Chloé Seyrès is a French queer roller dancer. A former high-level athlete, 4-time world champion, and ex-member of 2 national teams, she is now a movement artist and coach. She has performed in a variety of cabarets, corporate events and festivals, on-screen doing motion capture for the Rollerchampion video game, as a support dancer for TVA’s Les Chanteurs Masqués, and in music videos for The Sloe Gin Fizz, Raphaël Dénommé and Mike Clay. Most impressively, she has been contracted to showcase her skills in performances with Cirque Éloize, Montréal Complètement Cirque, and Fierté Montréal 2022.

f.k.a. art club

F.K.A. Art Club Collective Bio

Favielle Petit Clair, Kathleen Charles and Awa Banmana form the newly founded collective: F.K.A. Art Club. With a co-conspirator relationship, the artists trace similarities between Fav and Kat’s Haitian heritage and Awa’s Senegalese heritage. Together, they form a powerful artist collective focused on how multidisciplinary creative expression can be used to build community resilience and resistance in the face of systemic oppression, for individuals who live at the intersection of racialized and homophobic violence.

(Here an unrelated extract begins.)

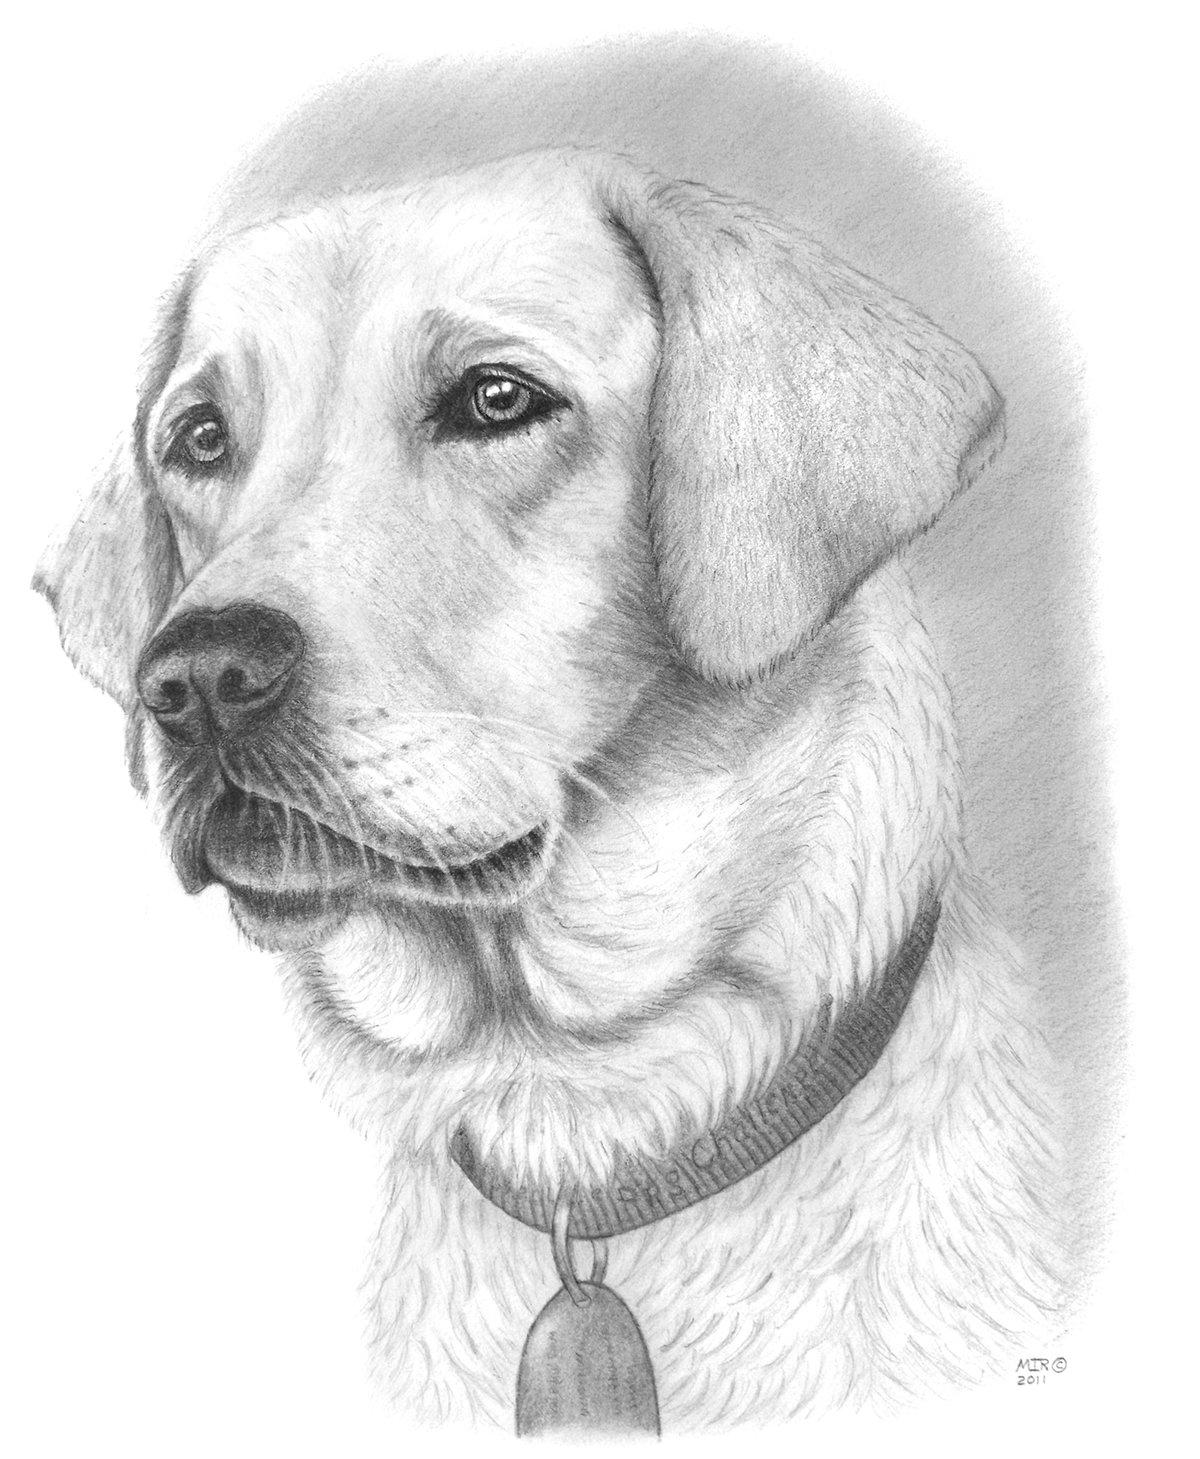 рисунки карандашом не сложные но красивые собаки оригинальной версии квеста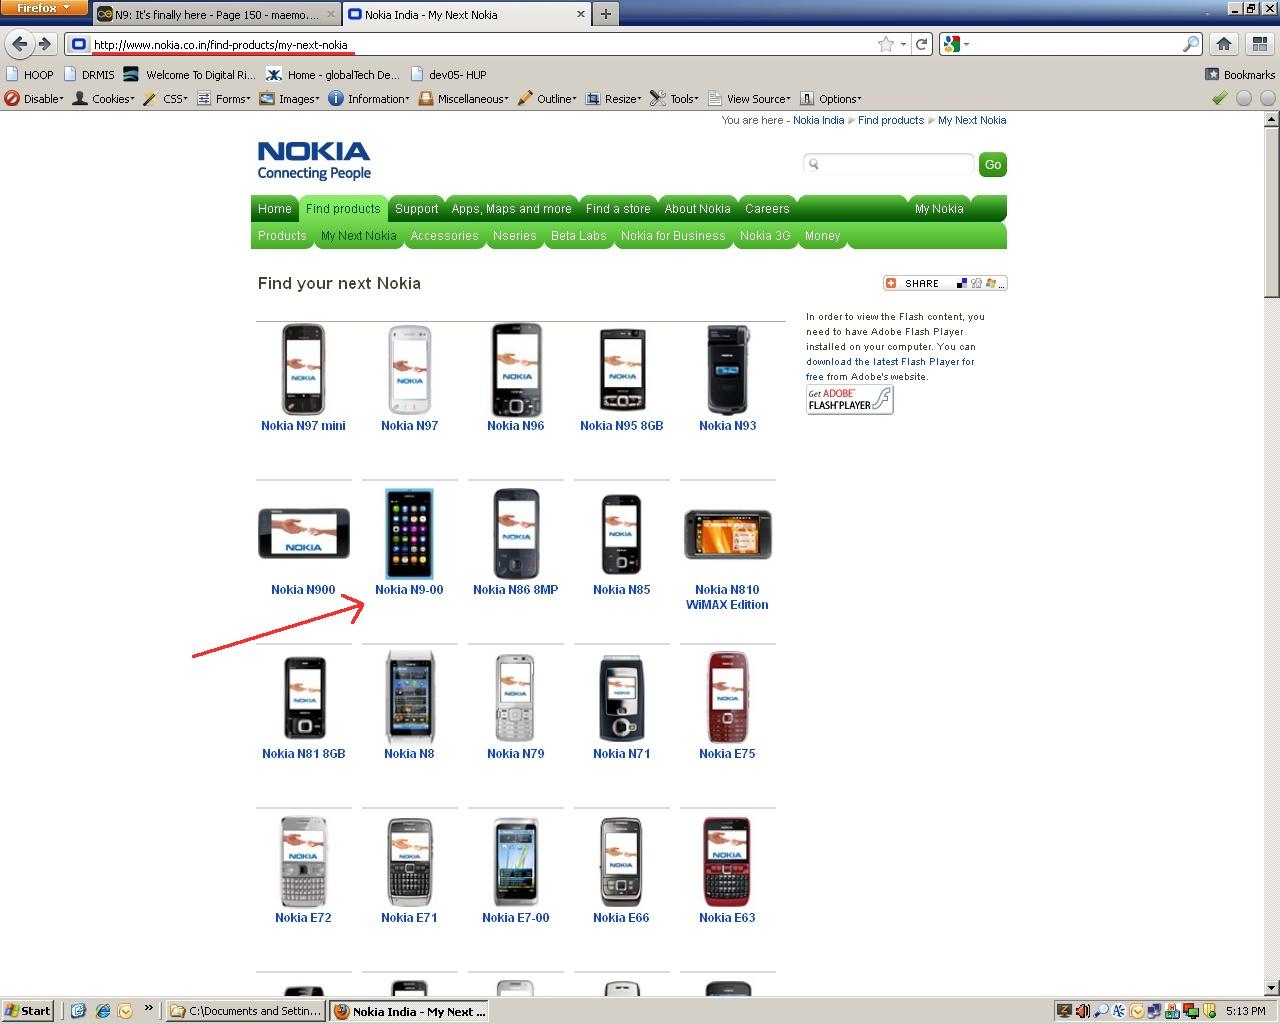 Nokia N9 on Nokia India site

Born in France, Spanish-Senegalese artist Awa Banmana’s is an Queer Afropean emerging artist. Their work is centered around multidisciplinary. In 2020, Banmana was involved in the creation of the Black Lives Matter mural «La Vie des Noir.e.s Compte» and was selected to be in residence for Moebius magazine. Banmana’s video clip «KICKER», co-directed with musician Kaya Hoax, was also featured in the Melbourne Midsumma Festival 2021.

Favielle “Fav” Petit Clair, is a Queer woman from Haitian descent. Having grown up in such a rich and crowded city her proximity to people and the social bonds she formed tainted her approach to art. With an Afrocentric artistic practice, Favielle obtained her first exhibition in 2017 for FOVA during Black History month. 

Kathleen Charles is a queer Haitian writer, songstress, performer, therapist in training and community organizer. Their poetry explores the power that art has to heal communities. Their art, whether it be music or poetry is made to heal themselves and to heal others by providing validating imagery to move through the traumas of systemic oppression.